This section offers guidance for persons conducting a business or undertaking (PCBUs) on managing the risks to road and roadside workers associated with manual tasks.

Manual tasks are any activity requiring a person to lift, lower, push, pull, carry, or otherwise move, restrain, or hold any person, animal, or thing. It is sometimes also referred to as manual handling.

Examples of manual tasks include:

  • lifting gear in or out the back of a truck
  • handling kerbside rubbish and recycling bins
  • dragging gear, rubbish, or vegetation
  • carrying and setting up traffic management equipment
  • connecting, disconnecting, and manoeuvring trailers such as VMS (variable message sign) boards
  • sweeping, digging, or using hand rollers
  • carrying and throwing bags of hot/cold mix
  • operating machinery
  • office work, particularly if at a poorly set up work area.

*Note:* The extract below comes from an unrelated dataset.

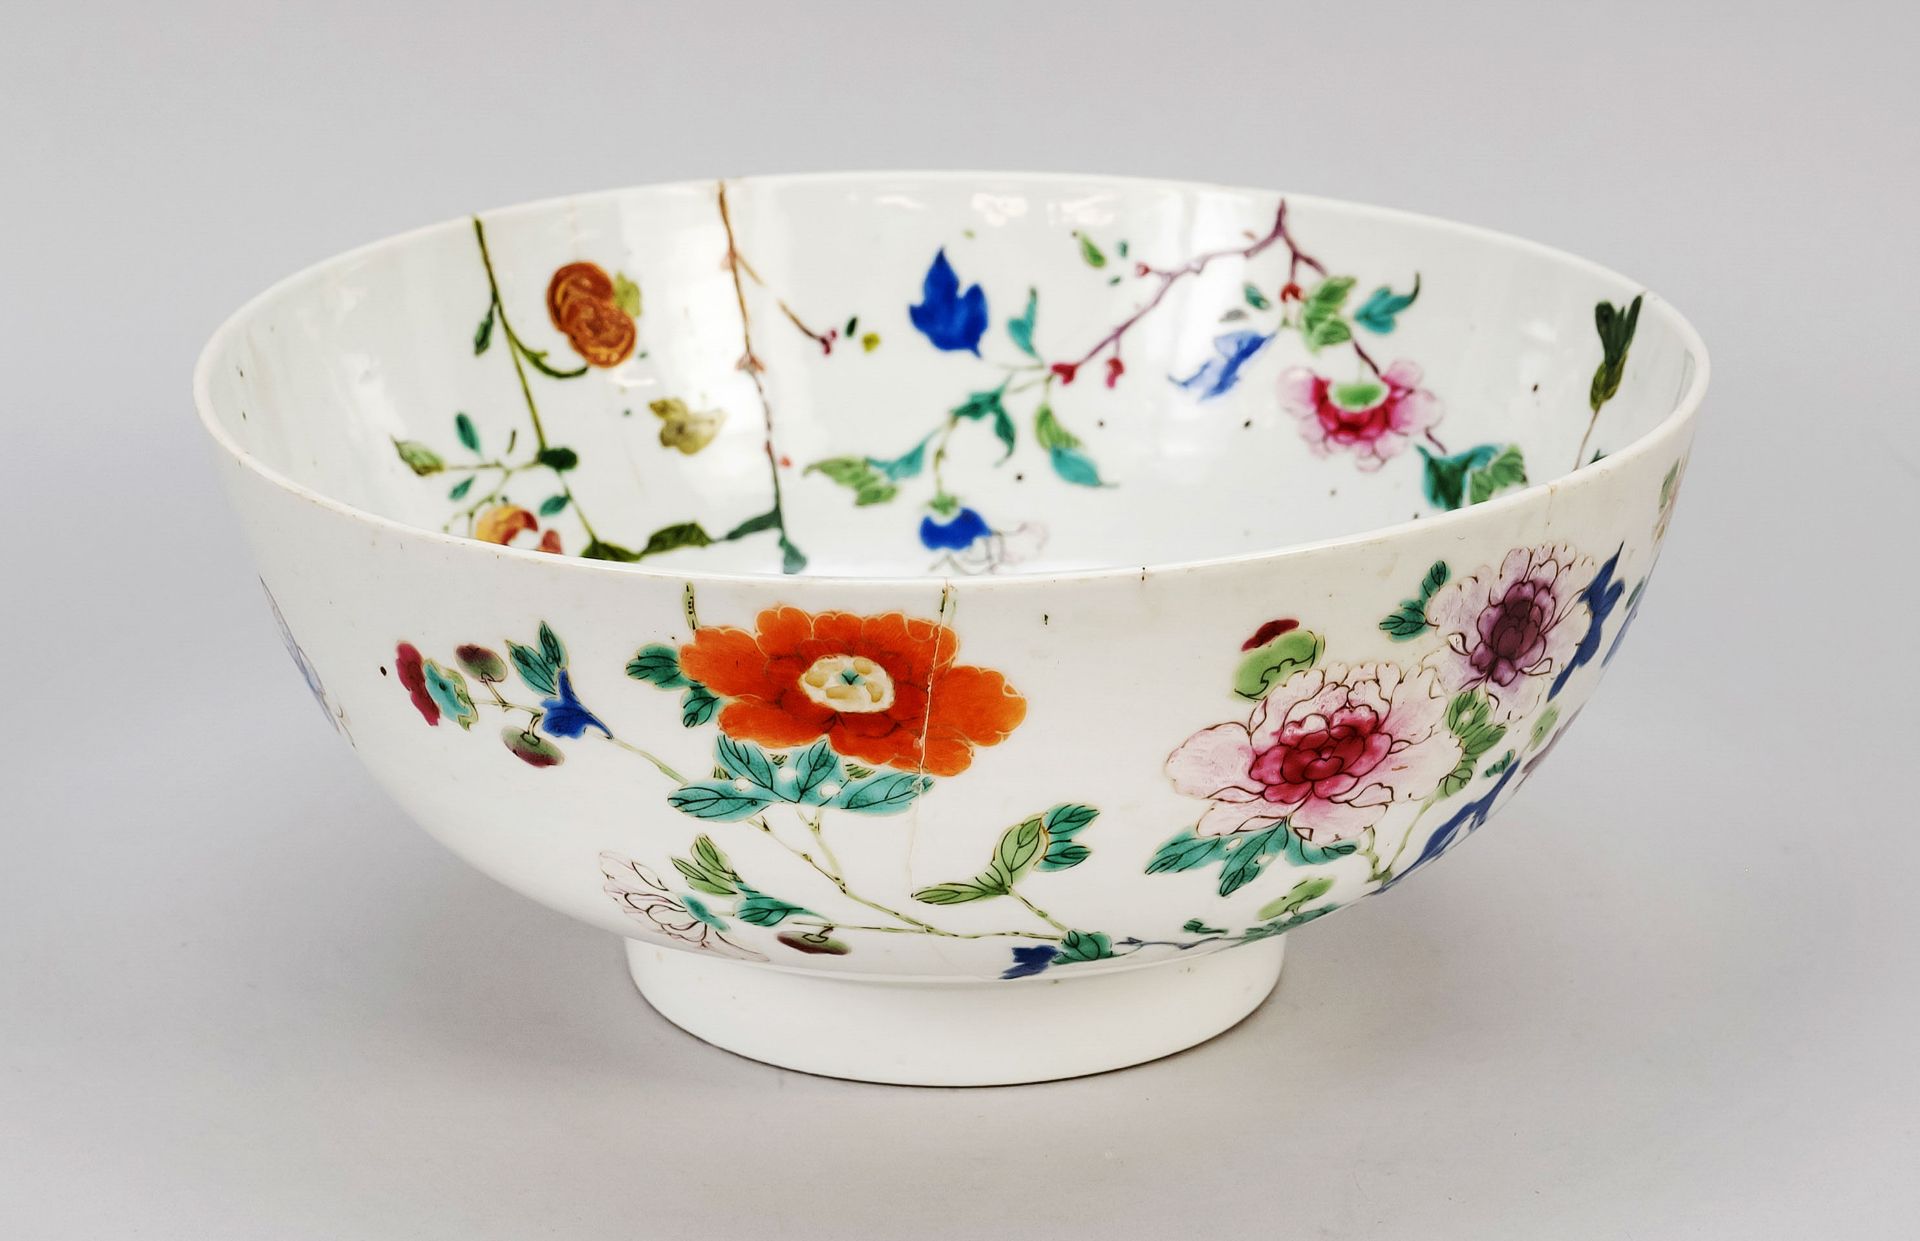 Sog. Punch bowl, China, Qing, Yongzheng period(1723-1735), 18th century, porcelain with enamel

Risks from manual tasks can include:

  • sprains and strains of muscles, ligaments, and tendons
  • back injuries, including damage to the muscles, tendons, ligaments, spinal discs, nerves, joints, and bones
  • joint and bone injuries or degeneration, including injuries to the shoulder, elbow, wrist, hip, knee, ankle, hands, and feet
  • nerve injuries or compression, for example carpal tunnel syndrome (CTS)
  • cuts or lacerations from using sharp objects or exposure to sharp objects (for example during rubbish or recycling collection and gardening or vegetation management)
  • hernias
  • chronic pain
  • muscular and vascular disorders from vibration. For more information, see Section 8.0: Vibration

Manual tasks can be a major factor in the development of musculoskeletal disorders.

Musculoskeletal disorders may develop over time or occur suddenly from a specific event or series of events. They may start as a mild ache or pain and develop into a serious condition. You should pay early attention to discomfort, so you can control the risk before serious harm occurs.

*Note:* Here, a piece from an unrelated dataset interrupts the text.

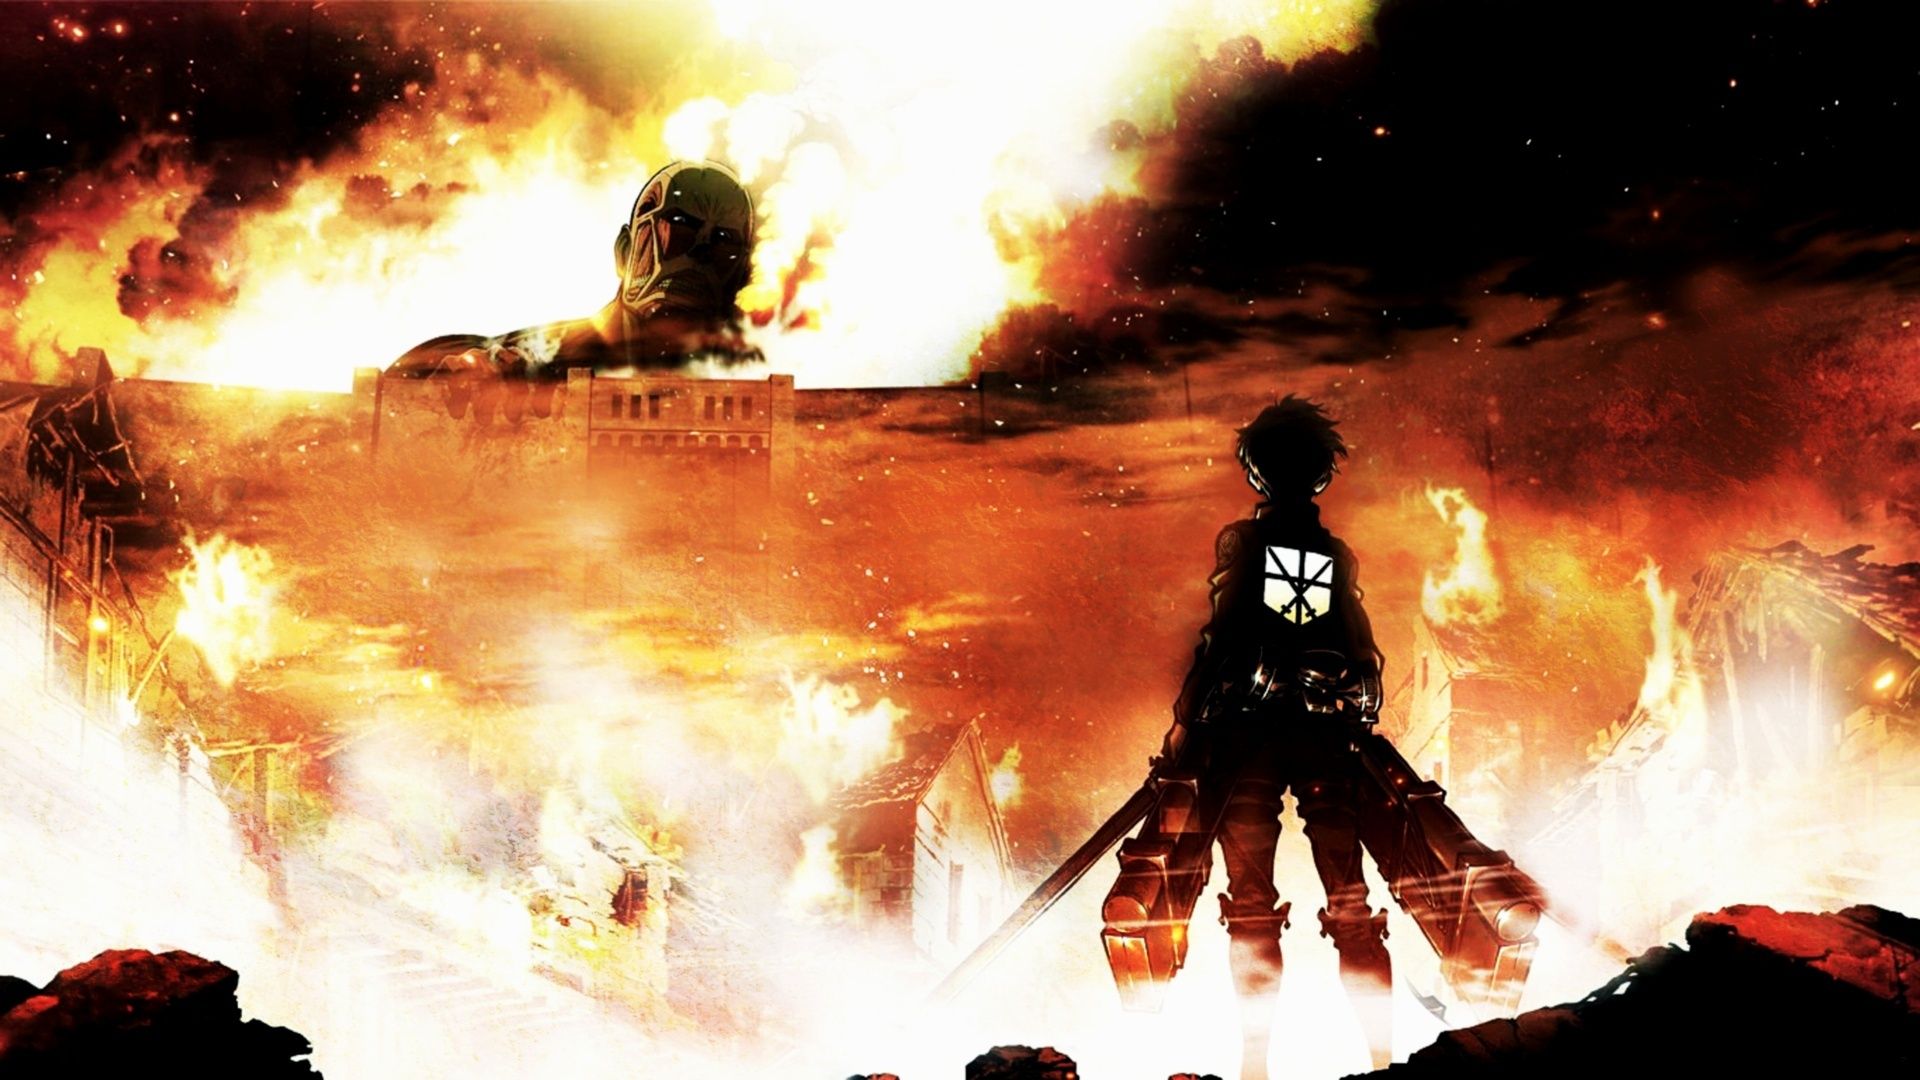 Attack on Titan background

Multiple factors usually combine to cause musculoskeletal disorders. For more information, see Section 5.3 Work-related health problems often have more than one cause

7.2 Control measures for manual task risks

Eliminate manual tasks

Consider using alternative work methods that do not require manual tasks. For example, use automated systems for deploying traffic cones or mechanical lifting devices for lifting and emptying kerbside rubbish and recycling bins.

Minimise exposure to manual tasks

If eliminating manual tasks is not reasonably practicable, look at how you can minimise the risks associated with manual tasks.

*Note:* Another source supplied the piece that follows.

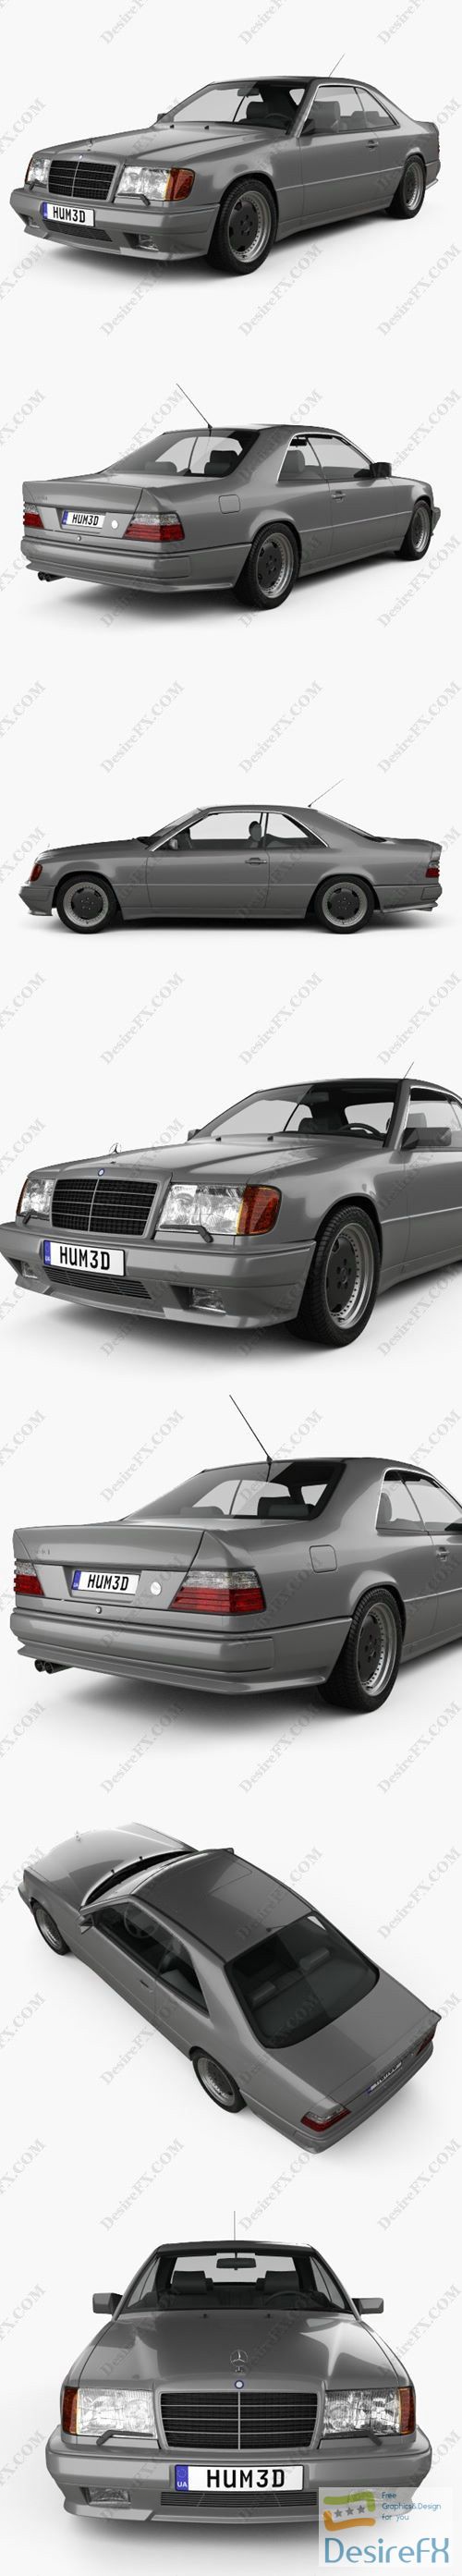 Mercedes-Benz E-Class AMG coupe 1988 3D Model

Examples of how to minimise manual task risks include:

Control measure


Avoid work set ups where the worker has to sit, stand, or reach awkwardly to do their job

  • provide a camera or mirrors on mobile plant so workers do not have to twist or lean to see where they are going or what their machine is doing
  • provide tools or equipment that can be adjusted to suit the height of the worker, so they do not have to reach too high or be hunched over while using it.

Choose tools and machinery with built-in controls to reduce the physical impacts on the operator

  • select equipment that is easy to handle
  • make sure that the right tool is available and used for the right job
  • make sure tools and machinery are regularly maintained.

Limiting the amount of heavy lifting that is required of workers

  • use kerb block lifting attachments
  • use mechanical waste/recycling collection systems
  • replace heavy items with those that are lighter or smaller
  • deliver goods or materials directly to the point of use so they do not need to be carried to the work site manually
  • have weight labels on commonly handled equipment.

Move workers between tasks to vary the physical demands (sometimes called task rotation or job variation)

  • planning tasks that involve walking
  • moving between tasks that involve sedentary work and movement
  • planning light work after repetitive lifting work.

Table 5: Control measures for manual task risks and examples

You should provide appropriate information, training, instruction, and supervision for workers so they know how to protect themselves from risks to their health and safety when working. This includes how to use equipment.

Manageable job demands and a healthy workplace culture that supports good communication will also reduce the risks of musculoskeletal injury caused by manual tasks.

[image] illustration of worker inside cab of rubbish truck while truck picks up a bin
Figure 6: Example of an automated system that reduces manual tasks (also keeps worker in a safer location inside the vehicle)
[image] illustration of two people bending at the knees lifting an item together with text - caution two person lift
Figure 7: Example of labelling for heavy items

Personal protective equipment (PPE)

PPE should only be used to manage the risks from manual tasks after all other reasonably practicable steps have been taken to reduce these risks.

Gloves and safety boots should be worn to protect against cuts and crushed toes.